参考:『今日から俺は !!』賀来賢人&伊藤健太郎も 高橋一生、竹内涼真、満島真之介ら俳優の歌声を検証


 『FNS歌謡祭』は、平井堅と平手友梨奈(欅坂46)や、谷村新司と壇蜜など、毎年様々なアーティストのコラボを行ってきた番組であり、今回は歌手として登場する吉岡里帆が一つの目玉となっている。


 三木聡監督の映画『音量を上げろタコ!なに歌ってんのか全然わかんねぇんだよ!!』で、吉岡は声が小さすぎるストリートミュージシャンのふうか役を演じた。驚異の歌声をもつ世界的ロックスター・シン(阿部サダヲ)に出逢うことでふうかが大きく成長し、最後はシンの意志を継承するかのごとく「絶叫の歌姫」として、「体の芯からまだ燃えているんだ」を歌い上げる。
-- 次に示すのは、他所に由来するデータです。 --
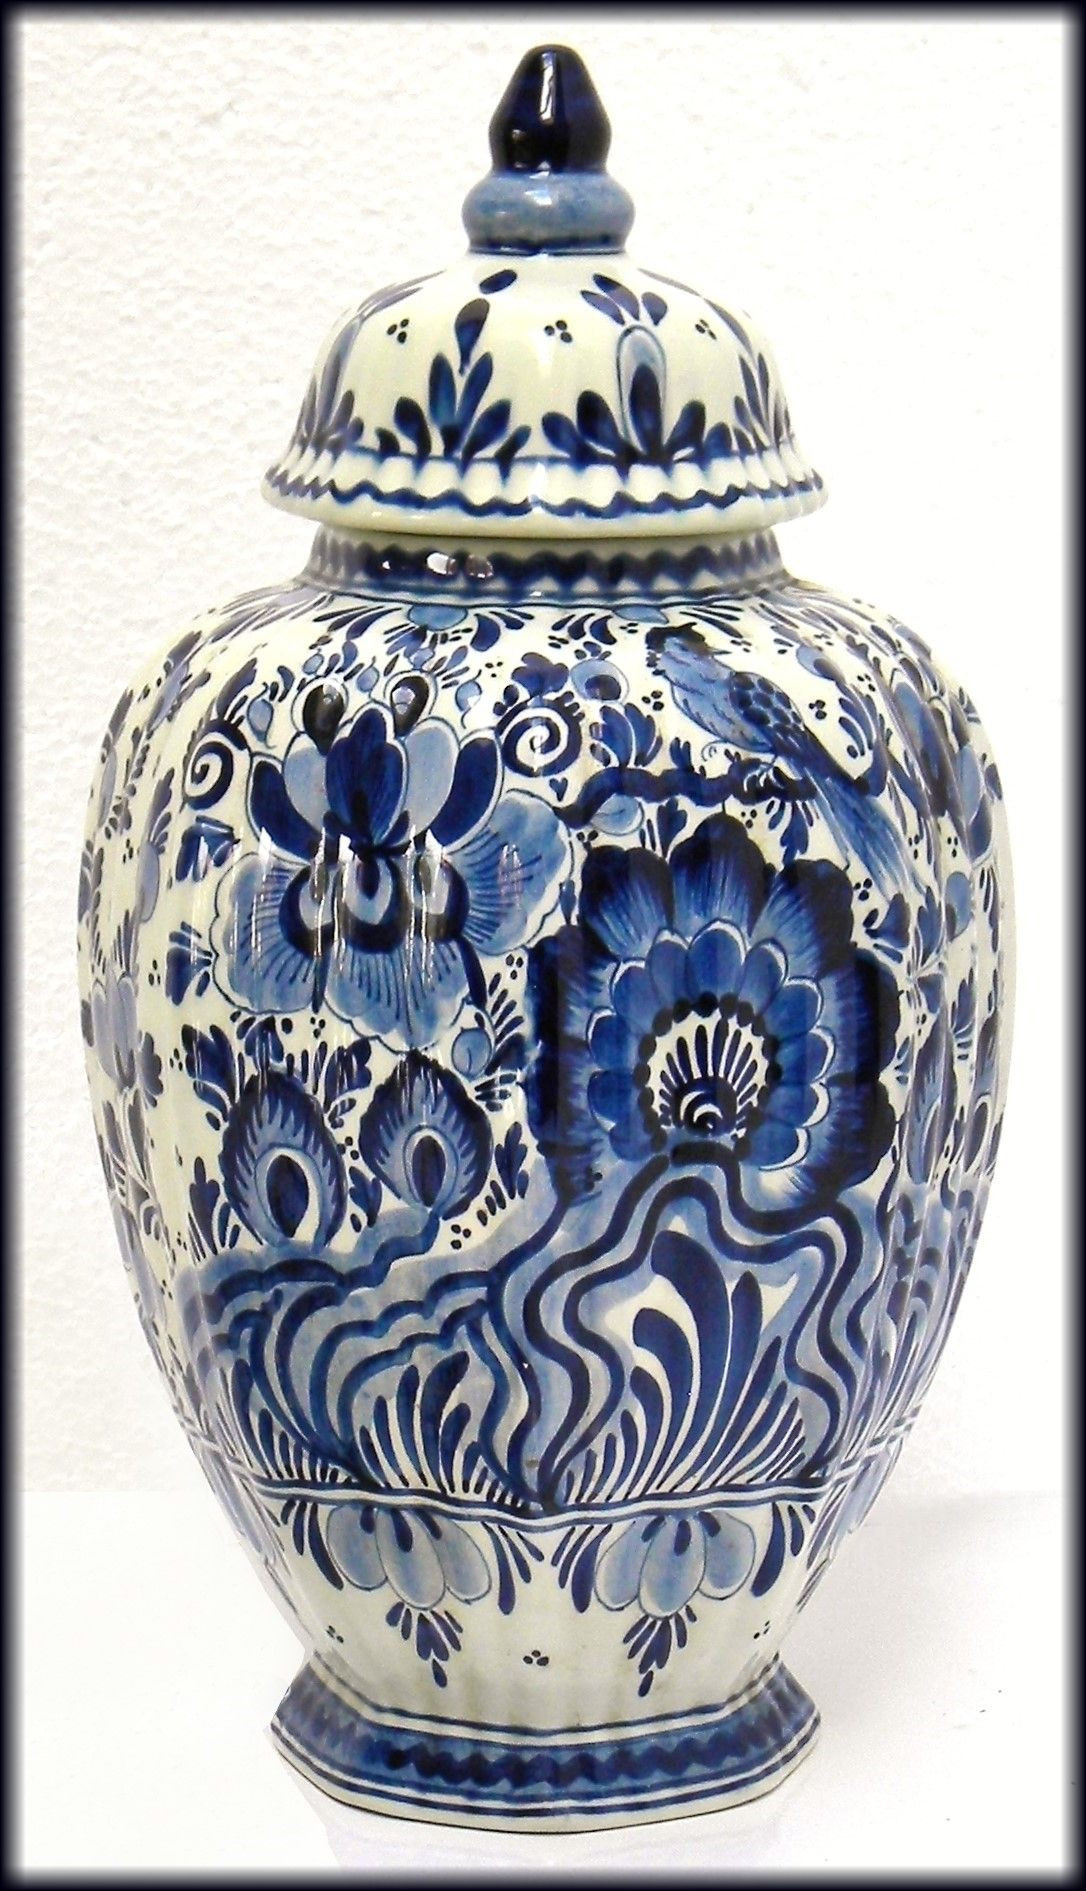 14 Popular Light Blue Vase 2022 free download light blue vase of vintage delft blue ceramic vase jar hand painted cobalt blue floral for amazing delft blue vintage dutch art pottery with cobalt blue bird and floral decoration

 この楽曲は吉岡と公私ともに親交のあるあいみょんが作詞・作曲を手掛け、映画におけるクライマックスまでのシンとの関係を凝縮したような歌詞が印象的だ。それに加え、低めの声の吉岡から絞り出される高い音域から入る魂のこもった歌声から始まり、駆け抜けるような疾走感のある曲調も聴き心地がいい。この映画でギターと歌に初挑戦した吉岡。一夜限りのライブイベントで吉岡と阿部がサプライズでデュエットした際は、実際にアコースティックギターを弾き、映画やMVと比べても遜色のない声で歌い上げた。この2人の歌声が実に相性が良く、『FNS歌謡祭』でのパフォーマンスにも期待できる。女優の吉岡しか知らない人には良い意味でイメージが覆されるだろう。


 松岡茉優は、自身が出演するファッションブランド「ROPE’ PICNIC」のウェブ動画「どんなときも。 song by 松岡茉優」にて、槇原敬之の名曲「どんなときも。」を歌唱している。ヒロインから敵役まであらゆる役柄を演じ分け、その演技の緩急の差は若手随一と言える実力派女優。世間に注目された2013年のNHK連続テレビ小説『あまちゃん』では、劇中に登場するアイドルグループ「GMT」のリーダー役を演じ、『第64回 NHK紅白歌合戦』にも出演している。


 元々松岡はアイドル好きで、中でも9期メンバー加入後のモーニング娘。が好きと公言。本人役で主演した2016年のドキュメンタリー風ドラマ『その「おこだわり」、私にもくれよ!!』(テレビ東京系)は、松岡が俳優を辞めアイドルを目指すことを決意し、最終回に憧れのモーニング娘。’16へ加入して、実際のコンサートでパフォーマンスを見せるという展開を迎える。物怖じぜず、他のメンバーに混ざっても全く違和感がない生歌とダンスを披露し、女優としての姿勢と変わらないストイックさを感じさせ、ドラマとリアルの境界線を超えた瞬間でもあった。


 「どんなときも。」では、囁くように歌う松岡。撮影後のインタビューで「歌のうまさは歌手さんではないからできないんですけど、俳優として“歌の心”みたいなところを理解したいなと努めました」と話していた松岡。彼女なら今後も歌う役が巡ってくる予感がする。


 土屋太鳳が、俳優・北村匠海(DISH//)との音楽ユニット・TAOTAK(タオタク)を結成。桜井和寿(Mr.Children)とGAKU-MCによるユニット・ウカスカジーが2016年に発表した「Anniversary」を、亀田誠治のプロデュースでカバーした。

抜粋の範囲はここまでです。